Detroit won the Obie Award for Best New American Play for 2013.

== Response ==
Chris Jones in the Chicago Tribune wrote of the show: "Sure, D’Amour ultimately does not delve as deep as one might wish into the implications of the situation she so richly and vividly realizes. And Austin Pendleton’s quirky and amusing production doesn’t always keep its balance ... But D’Amour has penned a very provocative snapshot of the perilous moment ... that sense of dislocation is exquisitely embodied in the work of Laurie Metcalf, an actress who long has understood the precarious dreams of the lower-middle class. Her blistering performance here has the incision of a laser, creating a character who knows that everything is going away and tries to figure out what that might mean."

"The dream here is the 1960s first-ring suburb," said Michael Brosilow, "where neighbors socialize and kids play outside. But in 2010, "does anyone talk to their neighbors anymore?" Sharon asks, before revealing that she and Kenny are recovering substance abusers. That revelation puts the first chinks in the veneer of Mary and Ben’s safe-and-happy home life; we come to see how close they are to the precipice."

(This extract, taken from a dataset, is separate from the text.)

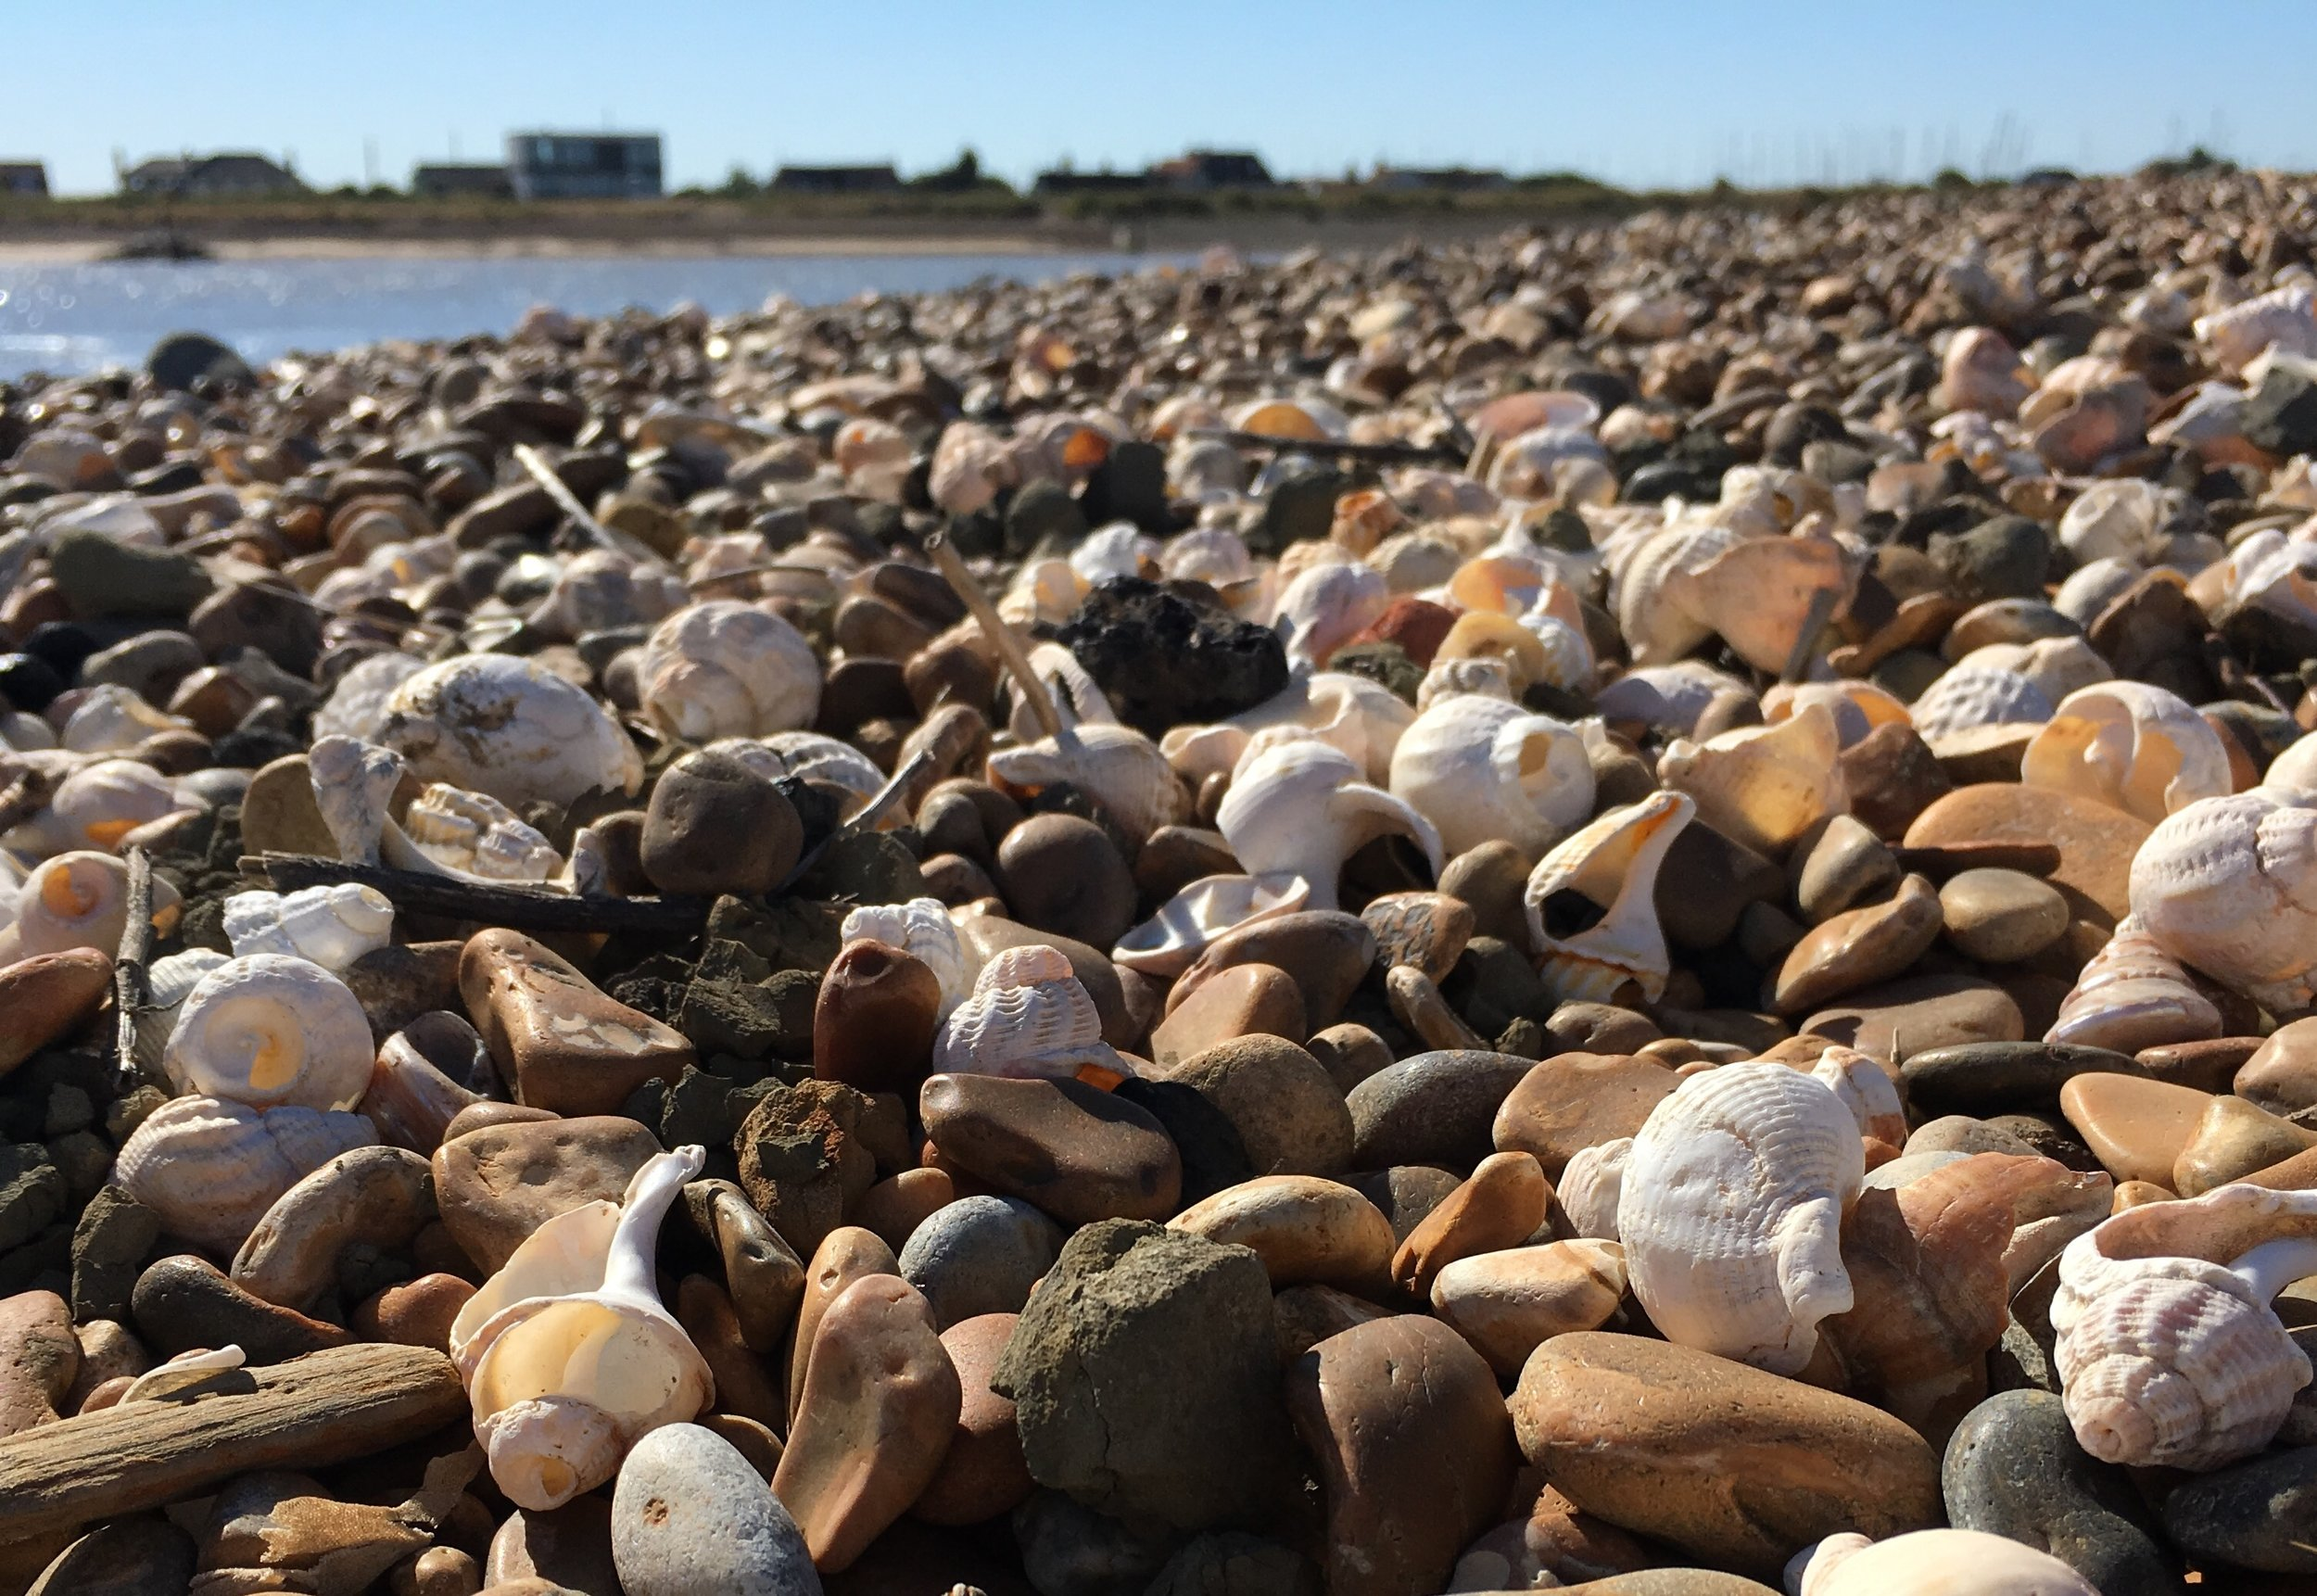 Bawdsey beach with whelk shells.jpg

Mary Shen Barnidge of the Windy City Times observed, "Despite the serious questions it raises, D'Amour's premise has all the makings of a situation comedy. There's even a drunk scene—that standby of 1950s farce—along with extended recitations of heavily-symbolic dreams and the bizarre street names characteristic of open-box-add-water subdivisions to escalate the atmosphere of dislocation."

The London production received similar responses. Many praised D'Amour's writing and Michael Billington in The Guardian wrote: "D'Amour makes some interesting points in this two-hour play: especially about the lingering suburban dream of a post-Thoreau, back-to-nature existence that leads the two women to set out on an abortive camping trip, which is matched by the hard-up guys planning a nocturnal rave-up. But, although D'Amour registers the solitude and despair of the innercity suburbs, she only briefly relates that to the broader picture of American decline and consigns a lecture on the loss of communal values to an awkward coda." Time Out London gave the London production a four out of five star rating and wrote: "'Detroit' looks like a very fine small-scale play that's trying a touch too hard to embrace big national themes. But there's a lovely looseness, rhythm and exhilaration to D'Amour's writing, especially in the tender, misguided relationship between the two women, who take off for a weekend camping in the woods....but only make it as far as the gas station. It is most original when it advances on Betty Friedan in its wry, acute portrait of contemporary suburban women living dangerously, on the tightrope between boredom and self-destruction." The Blog, A Cultured Lad gave it a positive review stating that "D’Amour’s play is fierce, and ferociously funny. Her dialogue is spot on and the characters are immensely entertaining personalities."